Here the keyword is name, it should be a free_form string that describes the name of a person. The default value is null. Any keyword added needs to have this form with the attributes

AttributeDescriptionOptions
“type”Data type this keyword should be, must be a native Python typefloat, str, int, bool, list
“required”Is this keyword required by the metadata standardTrue or False
“style”If the “type” is a string, what type of string is it, how should it be formatted“name”, “url”, “email”, “number”, “date”, “free form”, “time”, “date time”, “name list”, “number list”, “controlled vocabulary”, “alpha numeric”
“units”What units the keyword should be inSI units
“description”Full description of what this keyword describes
“options”If the “style” is controlled provide a list of options the keyword can belist of options
“alias”Is this keyword known by other names (not currently implemented)
“example”An example of what the keyword should look like
“default”Default valuedepends on "type

Under the hood

To make it easier for the user and to help standardize metadata, the standards for each metadata element and more complex metadata objects are stored as JSON files within the package.
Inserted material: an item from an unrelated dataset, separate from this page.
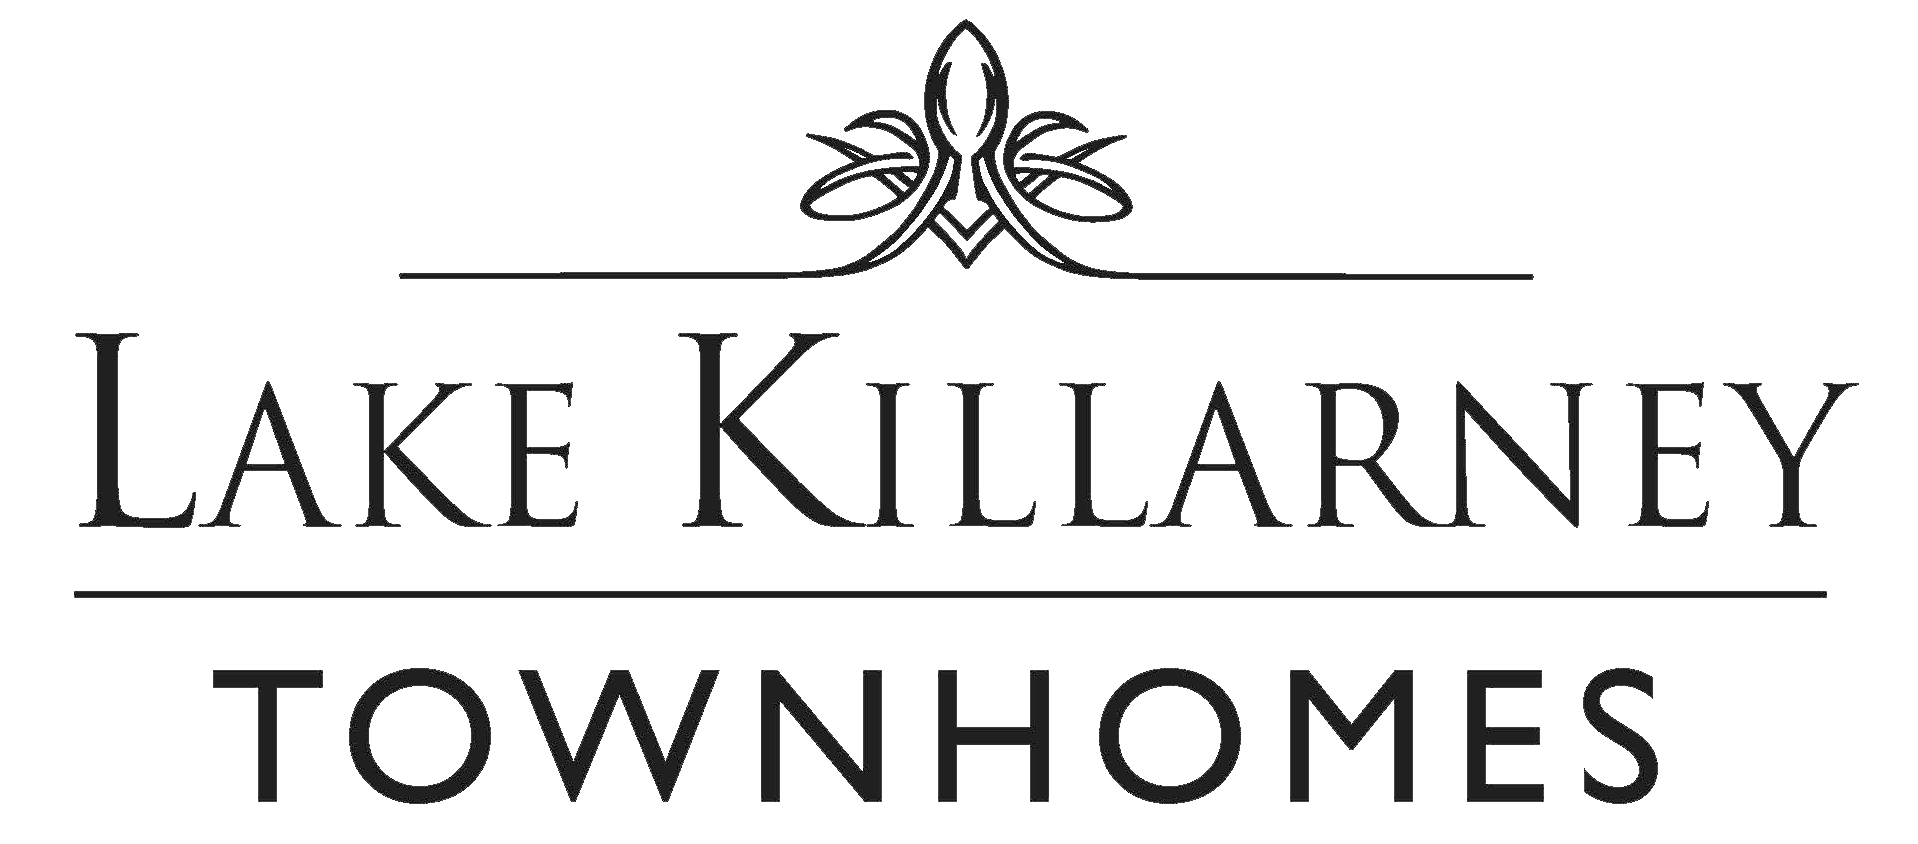 Lake Killarney Townhomes

When a class is initialized it opens the appropriate JSON file loads to populate the _attr_dict which is used to initilize the metadata object. For example if you want to have a metadata object for location you would do from mt_metadata.timeseries import Location. Location is going to open the location.json file stored in mt_metadata.timeseries.standards to populate the _attr_dict. This is in turn used to initalize a Location object. In this way the standards can be respected whilst allowing the metadata objects to be user friendly because all metadata attributes can be accessed in a Python way like

l = Location()
l.latitude = 50

Methods of Base

Base has the following methods. It also overloads built-in methods like __eq__, __ne__, for comparing 2 similar metadata objects, __len__, __str__, __repr__ (see below).

MethodPurpose
add_base_attributeadd a base attribute with a dictionary as above
attribute_informationprint attribute information for a given attribute or all
from_dictfill keyword values from a dictionary
from_jsonfill keyword values from a json string or file
from_seriesfill keyword values from a pandas.Series
from_xmlfill keyword values from and XML string or file
get_attr_from_nameget an attribute from a complex name separated by a . like location.latitude
get_attribute_listget a list of attributes in the object
set_attr_from_nameset an attribute from a complex name separated by a . like location.longitude
to_dictexport the keywords and values as a dictionary
to_jsonexport the keywords and values as a JSON string
to_seriesexport the ke words and values as a pandas.Series object
to_xmlexport the keywords and values as an XML element
updateupdate the values from a similar metadata object

Exmple

A simple demonstration of Base and how to add attributes and figure out what is in the metadata and standards.

from mt_metadata.base import Base

b = Base()

Add attributes

You can add attibutes to an existing metadata object. All you need is to add a standards dictionary that describes the new attribute.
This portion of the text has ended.